No, I will not turn my brain off
On keeping up my brain capacity and refusing convenience via AI.



I get it, it’s cute and trendy to ask ChatGPT everything. But let me come to the confessions table. I have never used ChatGPT before, and do my best to not use AI This isn’t to be holier than thou or that cool girl. It’s because I want to keep my brain awake.
Let’s dive into it.
The question of convenience
‘Just use AI to fix it for you’ this is what a friend said to me when I said how much of a struggle it was to organise my itinerary for my upcoming trip. I pondered it (yes I ponder things now).
I can understand why you would want AI to do certain things for you, like doing your laundry, loading your dishwasher, changing your sheets or cleaning between the couch and the wall. But even that seems too convenient, especially when you’re young, physically able and have time. I see my parents in their 70’s and 80’s still doing gardening, housework and how healthy it keeps them. It motivates me to do it myself.
The question is: what is the price of convenience, how much does it take away from us in 20-30 years if not right now? I know we don’t always think of the future (yes the world may end tomorrow) but it’s worth considering.
The satisfaction of a job well done
One of the best feelings on earth is when you do the thing and you have the satisfaction of it. When your sheets are crisp, your hair is freshly washed, and everything is squeaky clean and warm. When you plan a weekend away with friends and it goes well. When you start a project, finish it and the world sees it.
If I use AI to make me an itinerary not only would I then have to make sure it fits the budget and my preferences, I’d also have no satisfaction, and if the AI made errors? Well that error would cost a lot of money. I’d rather make a mistake myself and have the satisfaction of learning from it.
The disappearing brain
I don’t want to talk about how long it took me to get my attention span back. It took about two years post Covid, and deleting social media from my phone. I can finally sit on a train and read my book, I can drive in silence with my thoughts, I can sit and research a topic of interest from scratch not using Google’s AI feature) to make my own conclusions.

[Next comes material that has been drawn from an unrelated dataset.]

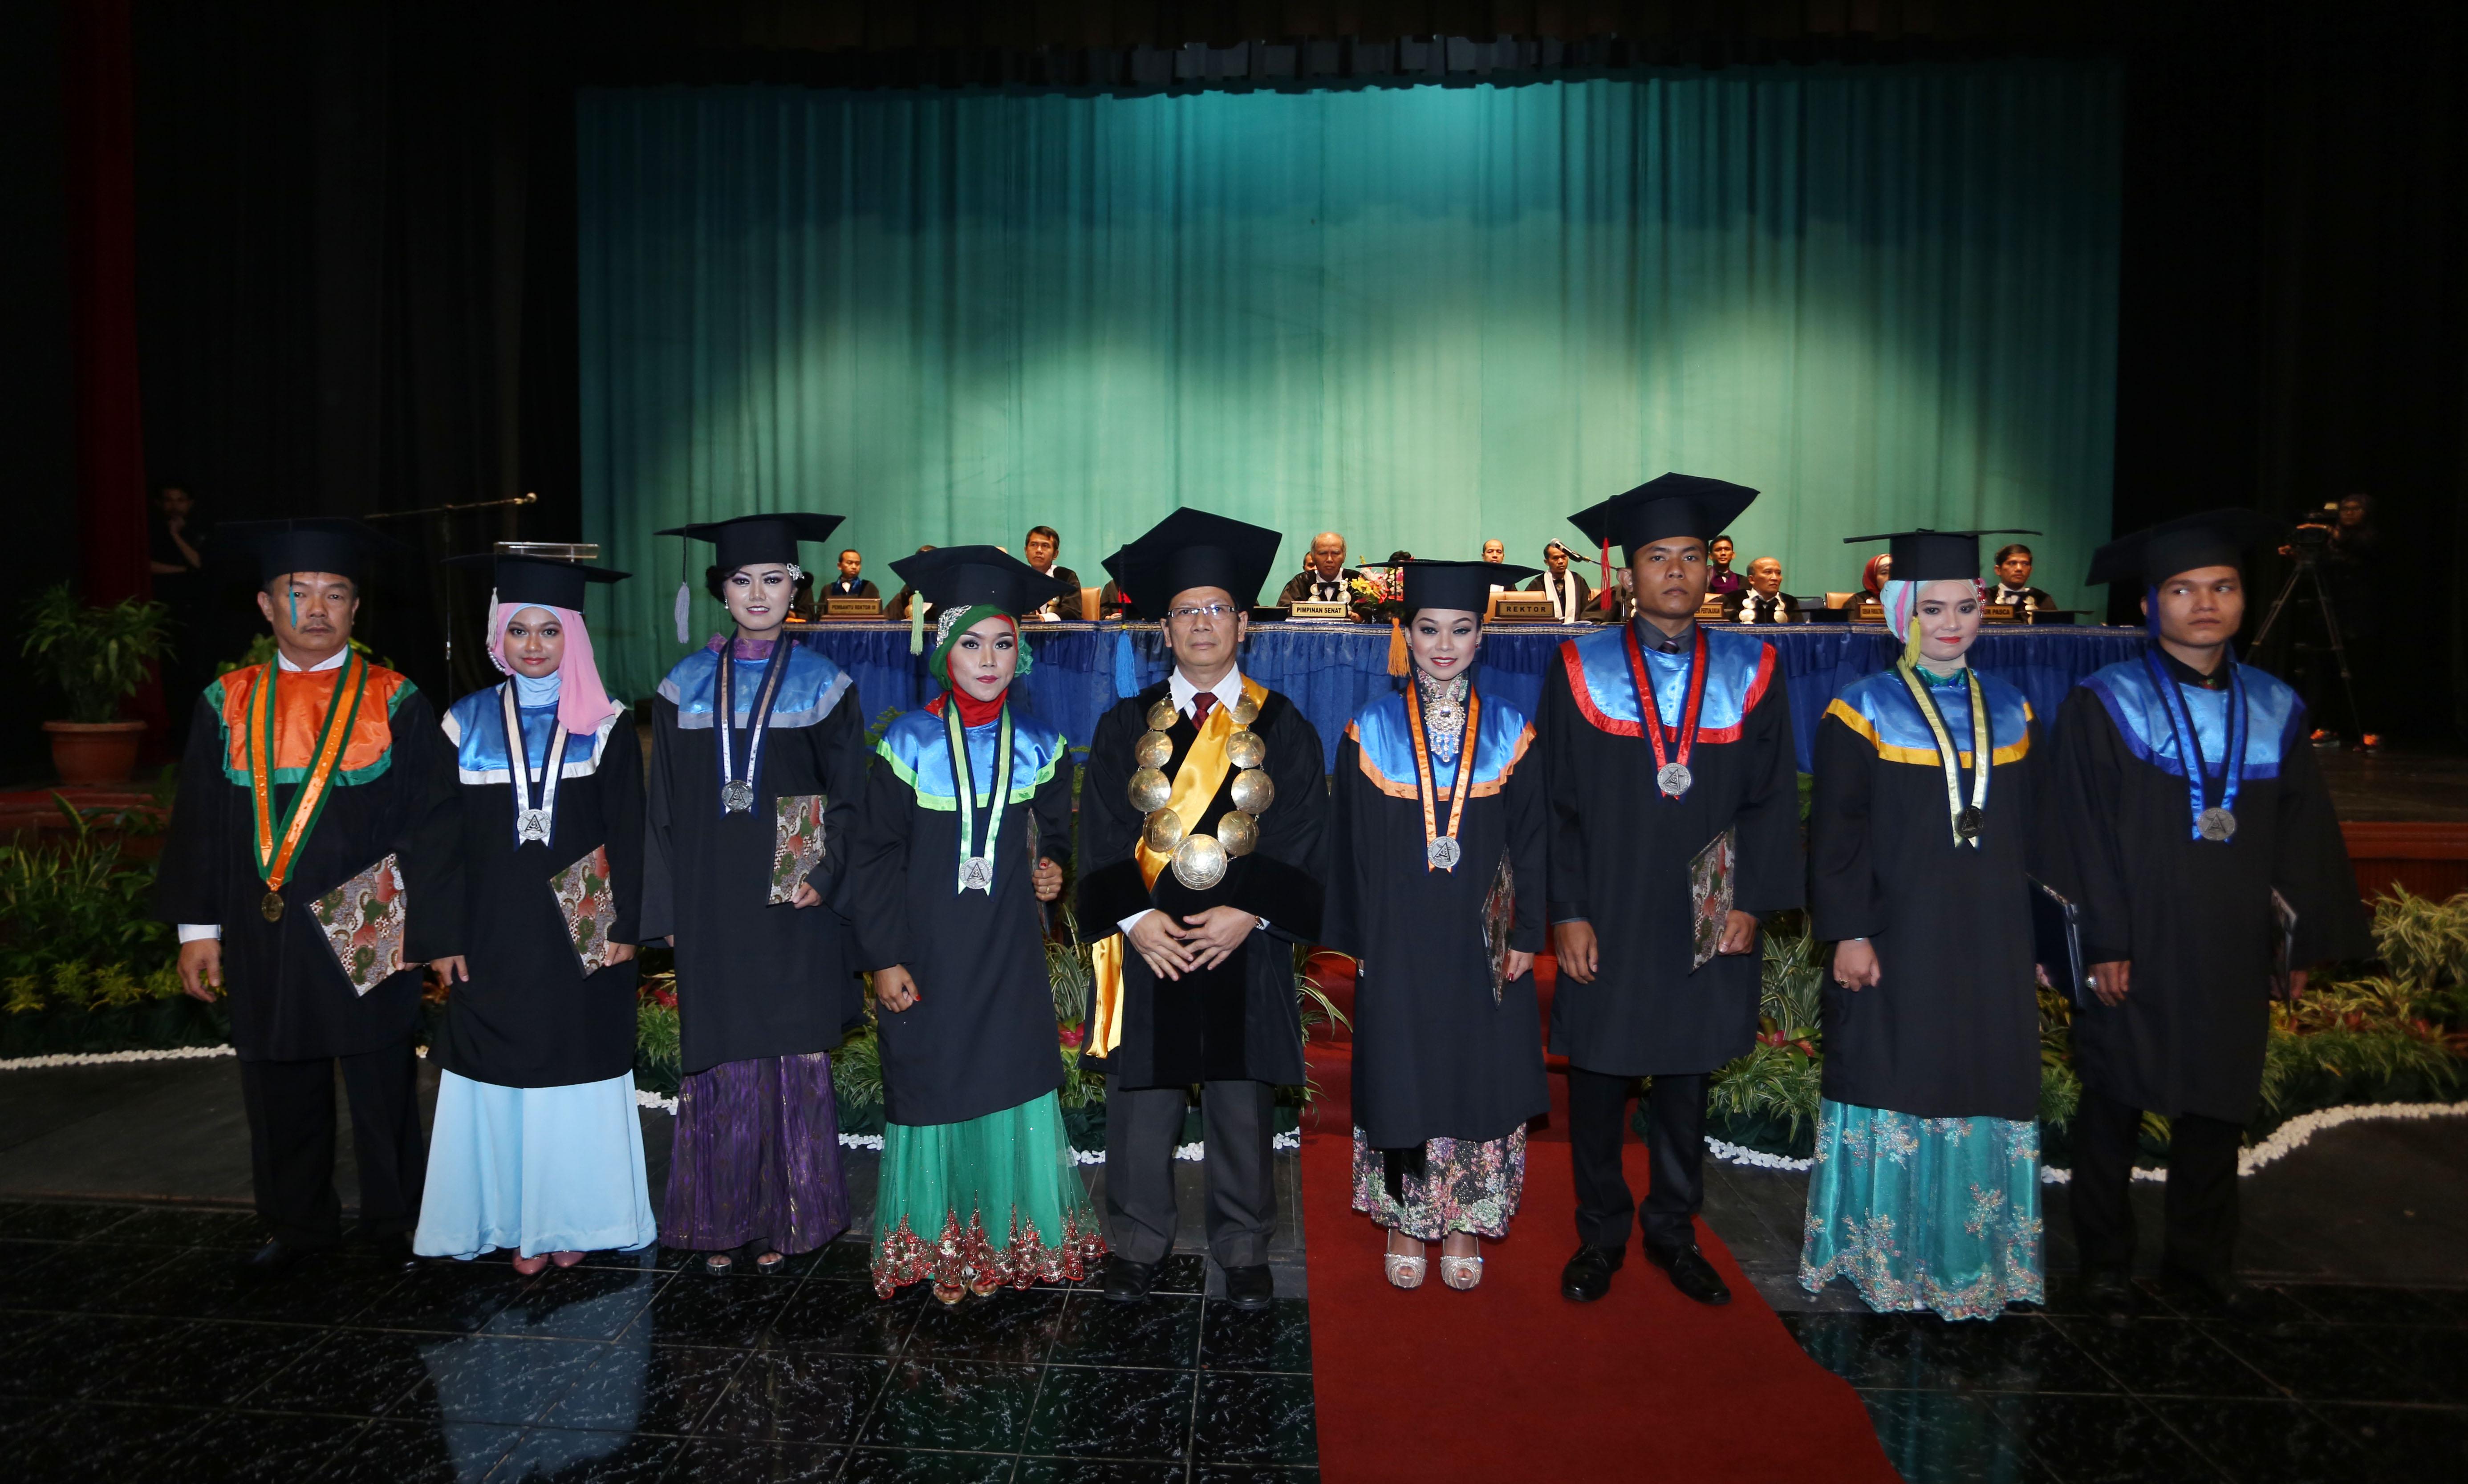 Rektor-Bersama-Mahasiswa-dengan-Nilai-Tertinggi-Setiap-Jurusan

Then there is my sense of direction, destroyed thanks to overusing my GPS. Once upon a time I could read a physical map with a compass, I could remember a route after being there once or twice…it took a year of putting the gps away to finally start getting my sense of direction back. Sure, you get lost- but you leave early and it’s okay. It also makes for a great story.

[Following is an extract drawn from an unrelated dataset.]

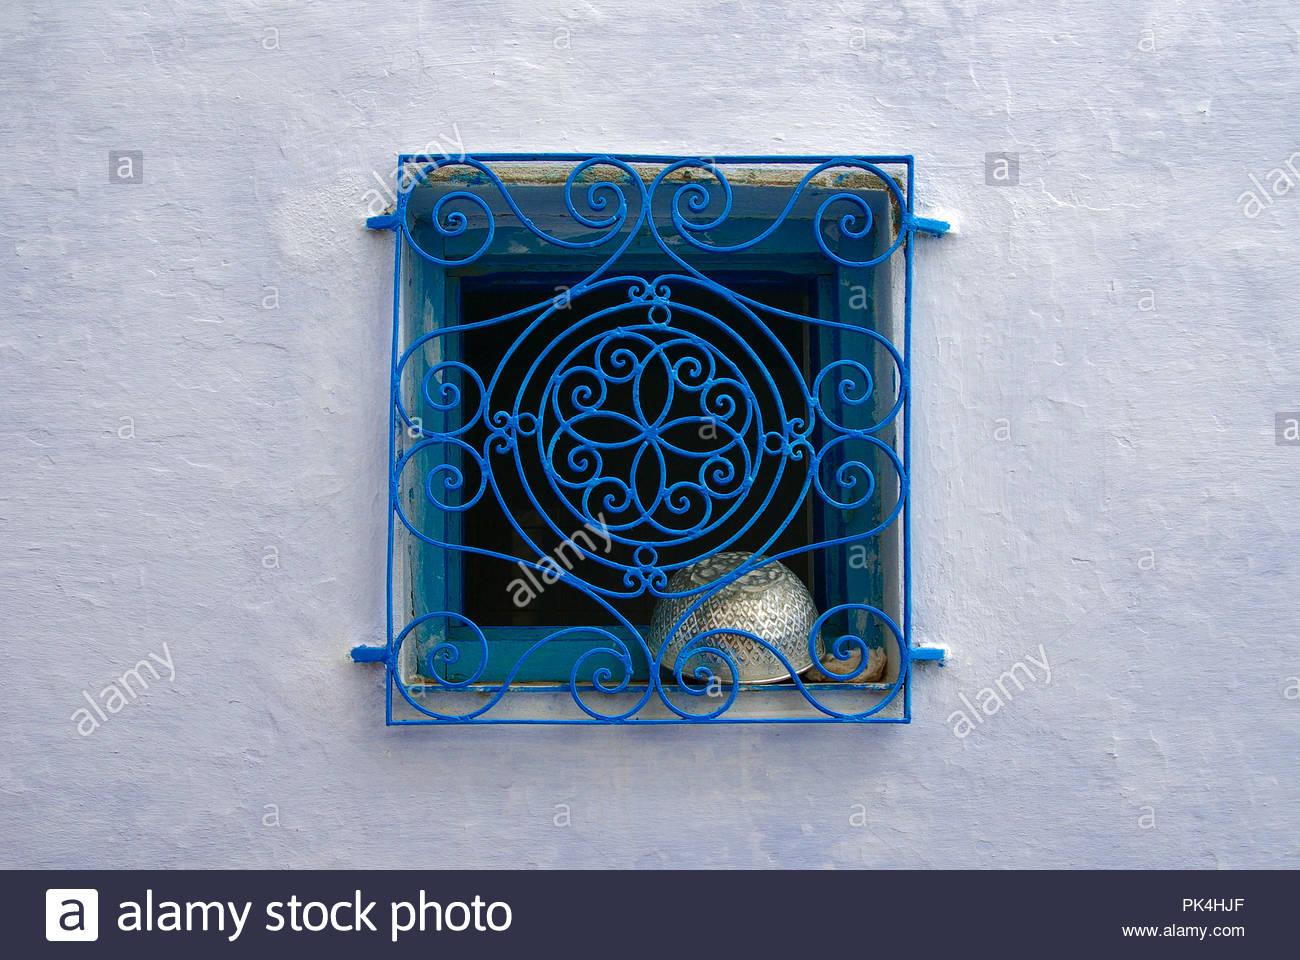 DECORATIVE WINDOW PROTECTION, HAMMAMET, TUNISIA - Stock Image

What I’m trying to say is that the brain trains itself based on our habits. So if we teach it to switch off, it doesn’t fix itself unless we change our habits. And life is already hard enough without having to train our brain. That being said, I worked hard to be somewhat intelligent, taking it away for ease seems counterintuitive.
The need for old fashioned things
I know it’s old school. Like keeping paper journals to look back at years later. Like considering printing your Substack posts and putting into a little book (some of you are so talented you should do this, you’re worth reading in paperback..nay hardcover!).
Yes I am behind the curve, yes I am not on the frontline of innovation. But currently it has no impact on me. AI is unlikely to take my job (apologies to Hollywood, but entertainment must be done by humans for humans otherwise it’s inauthentic). Sure, AI is likely to take over the world, but at least it won’t see me as a threat, it’ll probably send me to AI therapy…especially if it reads my Substack posts.
What do you think? Are you an AI person? Are you not?
I like the meditation on what we lose when we give an automatic YES to convienience. I would take it even farther: live without using electricity for a day (or week, or season) Back in the 1800's everyone did it./// Afew years ago a hurricane caused a power outage in our town. The air was scented with pine from broken limbs everywhere. Five neighbors on our street gathered together for an impromptu candle lit meal.
Our house had a gas stove and we cooked a huge pot of pasta (gathered from multi-households, crazy array of shapes). We assembled in the house with the largest livingroom. And ate and laughed and told stories and heard our highschool girls sing together ( a first for most of us)
The devices we use send us into isolation, setting them down can open us up into a more convivial world.
Of course, I'm a fine one to talk, as I bang this out on my laptop!
Hi Ruby. I share your vigilance about sustaining brain capacity and AI's negative impact on cognitive abilities and creativity.